The 3-Document System: How I Stopped Losing My Best Ideas Across 100 AI Conversations
Why longer context windows and memory features still can't solve the "lost conversation" problem - and what actually works.
There’s a specific kind of AI waste nobody talks about.
Not the time spent writing prompts. Not the tokens used on bad outputs. Not even the hours chasing new tools.
It’s the time spent recreating frameworks you’ve already built.
You have a conversation with Claude that produces something useful—a workflow that solves a real problem. You use it once, it works perfectly, then you move on to the next thing.
Weeks pass. You need that exact workflow for a different project. You search your chat history. You scroll through conversations. You find nothing because everything’s titled “Strategy help” or “Writing question.”
You give up and rebuild the whole thing from scratch.
I’ve lost count of how many times I’ve done this. The worst part is sometimes I’ll stumble across the original conversation days later, completely by accident. Right there the whole time, just impossible to locate when I actually needed it.
AI memory features don’t fix this.
They help the AI remember facts about you, sure. But they don’t capture the reasoning process behind your best decisions. They don’t preserve the context that made a framework work. They don’t solve the retrieval problem when you’re hunting for something specific.
Today’s guest post is from
, who writes Prosper, the newsletter about AI and software that gives you an unfair knowledge advantage.If you want to dig deeper into what he writes about, check out these three latest posts:
In this post, Ilia’s built a dead-simple system to stop this waste: three documents that preserve what matters to ensure AI remembers your strategic context.
I think this is super useful to build a collaboration system with AI that understands how you think.
Here’s Ilia.
Hello, Ilia’s here 👋🏻
Picture this scenario: You have a breakthrough conversation with Claude about your content strategy. The AI helps you see a pattern you’ve been missing: your “viral” posts get thousands of likes but zero business results, while your detailed breakdowns generate actual clients. Together, you map out a complete pivot—depth over frequency, searchability over engagement, compound value over consumable content. You close the tab feeling like you’ve unlocked something huge.
Three weeks later, you need that insight for a client presentation. You open Claude and see:
“Content Help”
“Marketing Strategy”
“Strategic Pivot”
“Writing Ideas”
“Content Strategy v2”
“Marketing Thoughts”
Useless. Absolutely useless.
You spent 20 minutes hunting through conversations, gave up, and recreated the entire strategic framework from scratch. Again.
Sound familiar?
The Memory Illusion
Here’s what makes this so frustrating: we’re living in the era of AI memory breakthroughs.

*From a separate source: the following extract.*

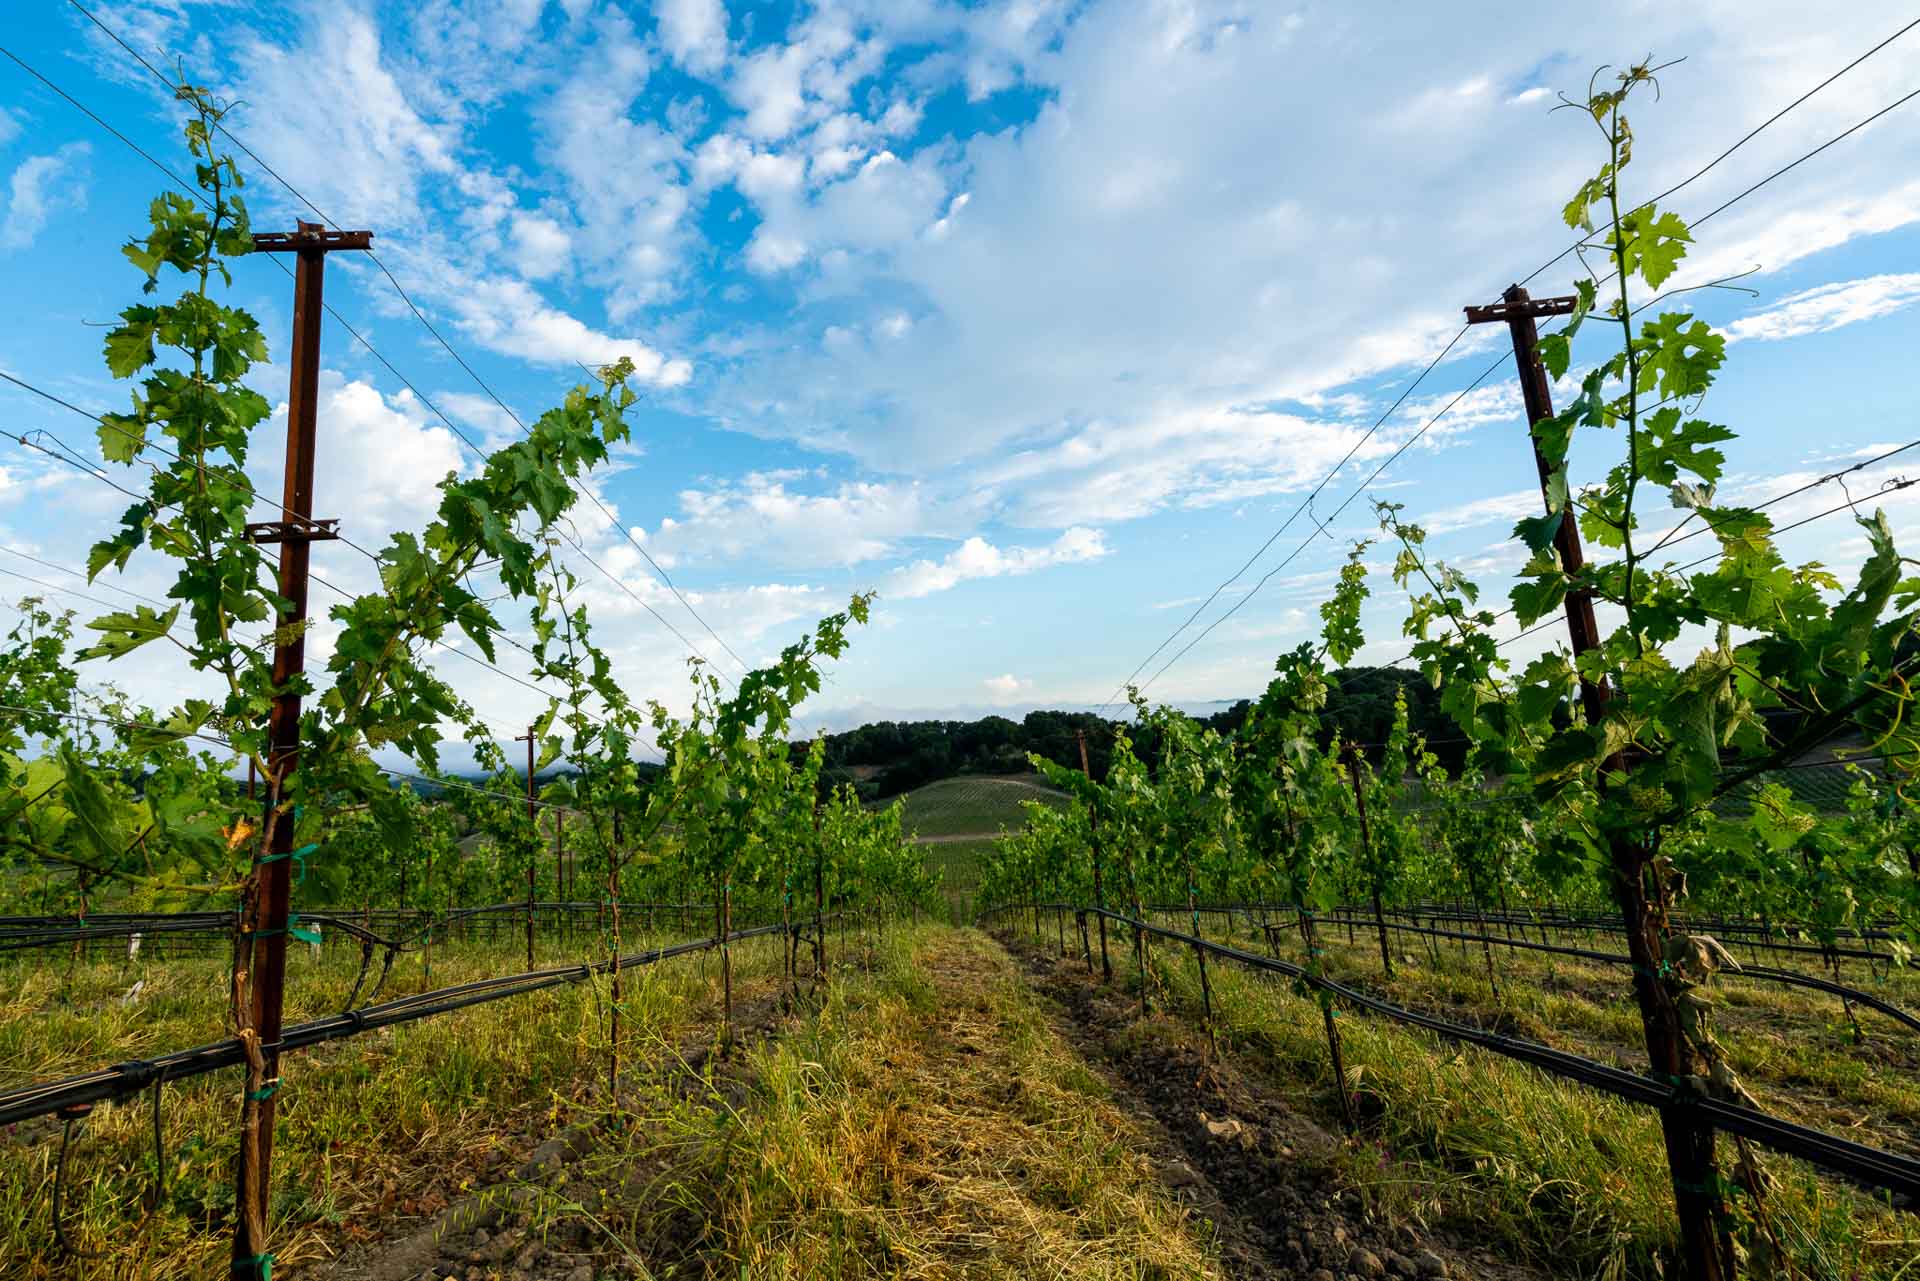 A vineyard row in the springtime at Moonsprings Vineyard in Templeton, CA

For example, ChatGPT now references all your past conversations to deliver more personalized responses, and Claude’s memory feature lets you pick up exactly where you left off on long-term projects The AI companies have solved the memory problem, right?
Wrong.
They’ve solved the AI’s memory problem. They haven’t solved yours.
The AI remembers facts about you: “User prefers concise responses. User works in B2B SaaS. User has a dog named Max.” That’s helpful for generating better responses.
But what the AI doesn’t capture - what no memory feature can capture - is the strategic reasoning process that led to your best decisions.
When you have that breakthrough conversation where AI helps you think through a complex problem, what matters isn’t just the conclusion. It’s:
Why you chose option A over option B
What alternatives you considered and rejected
The specific context that made this decision right
The reasoning chain that got you there
That thinking process? It’s trapped in a conversation titled “Project Help” somewhere in your history of 100+ chats.
AI systems struggle with persistent memory across sessions, but even when they remember, you can’t retrieve the strategic context you need.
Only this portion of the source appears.